Obama could certainly do no. 2. Pardons for groups rather than individuals have been issued in the past. The president, however, has no power to pardon anyone for a crime not yet committed, so the efficacy of the former might be undercut by the latter. No one can be issued a permanent get-out-of-jail-free card.
Obama seems to be on the verge of doing something along the lines of no. 3, if this morning’s news is any indication. Good for him.
The agencies seem to be doing no. 4 already and it’s possible that Obama has quietly already made a move in this direction. Let’s hope.
Nos. 5 and 6 are great ideas and you’ve already mentioned the principal caveat in both.
No. 7 is also a good idea. The Republican response to this might be that they have not yet comprehensively outlined their plans for Medicare and Medicaid. Regarding the ACA, they undoubtedly will argue that it will be replaced with something far superior. The recent jumps in rates and the flight of some of the insurers unfortunately give them some cover on this. I personally think they will slow walk the changes in the ACA. They’ll vote to repeal but give the measure a long sunset to contain some of the political blowback. Another problem will be that Trump via Twitter will directly muddy the water for many of those most affected. The sad reality is that many of those bound to suffer most exist in a void of information and the Donald will likely for some time insulate himself from the consequences of his actions by employing Obama as scapegoat in chief.

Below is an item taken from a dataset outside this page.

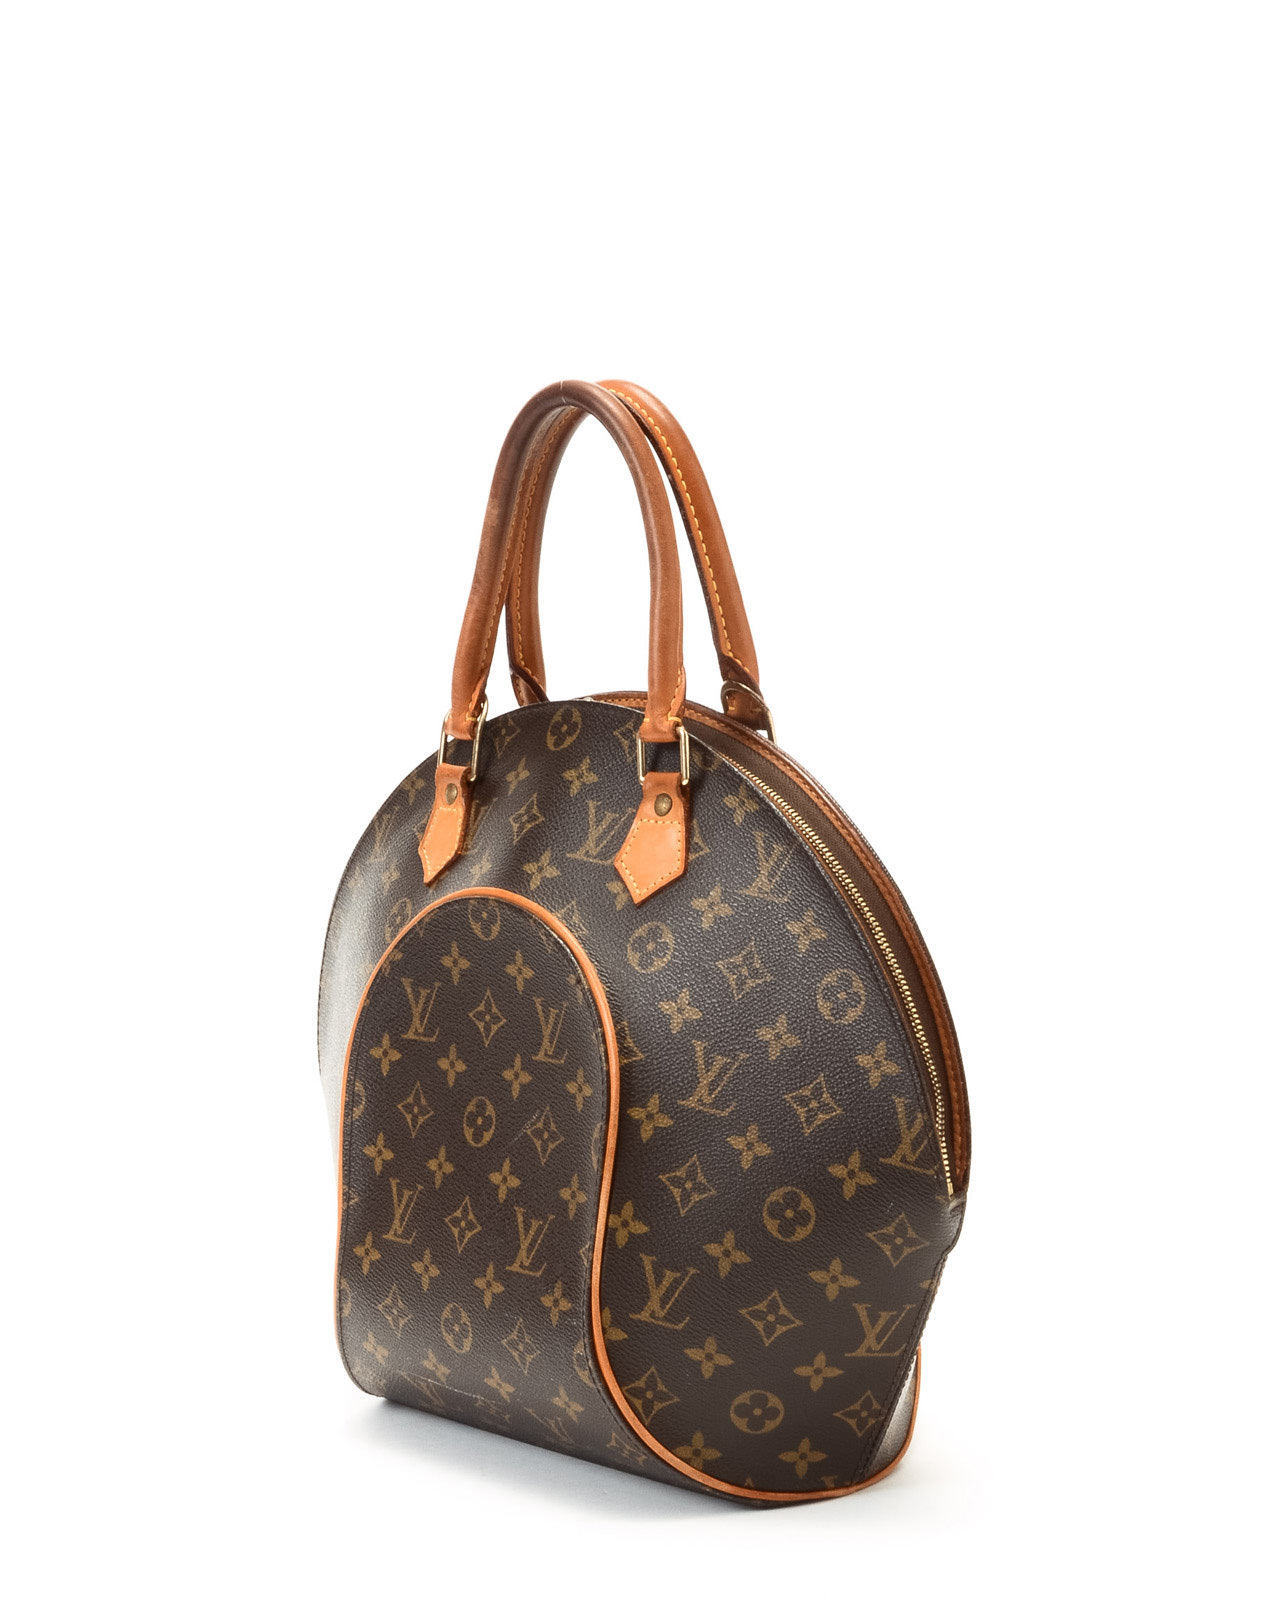 Lyst - Louis Vuitton Brown Ellipse Mm Handbag in Brown

In reference to no. 8, as we discussed yesterday, I think Obama should strive to be the best ex-president he can be and to anoint himself Trump’s personal and perpetual and constant gadfly if for no other reason than to preserve solidarity and maybe even a bit of optimism among right-thinking people. There have been modest signs over the past few days that he intends to do something like this. He’s popular at the moment and he shouldn’t waste that.
Beyond this, everyone should continue to fight the good fight in any way they can. After the debacle in 2004, I joined the ACLU. Their work in preserving transparency in government and individual freedom of expression and in defending people from aggressive action by the authorities will become even more important once Trump assumes office. If you have any friends who are attorneys and might be willing to offer a bit of pro bono, they could do worse than volunteer. Since you likely have an iPhone, the ACLU website offers an application that allows you to film and upload to the organization directly any incident in which you think someone’s rights are being violated. This application may be what finally compels me to surrender my Blackberry. Sigh.
It was fantastic to see you yesterday. Please stay in touch, especially during these troubling times.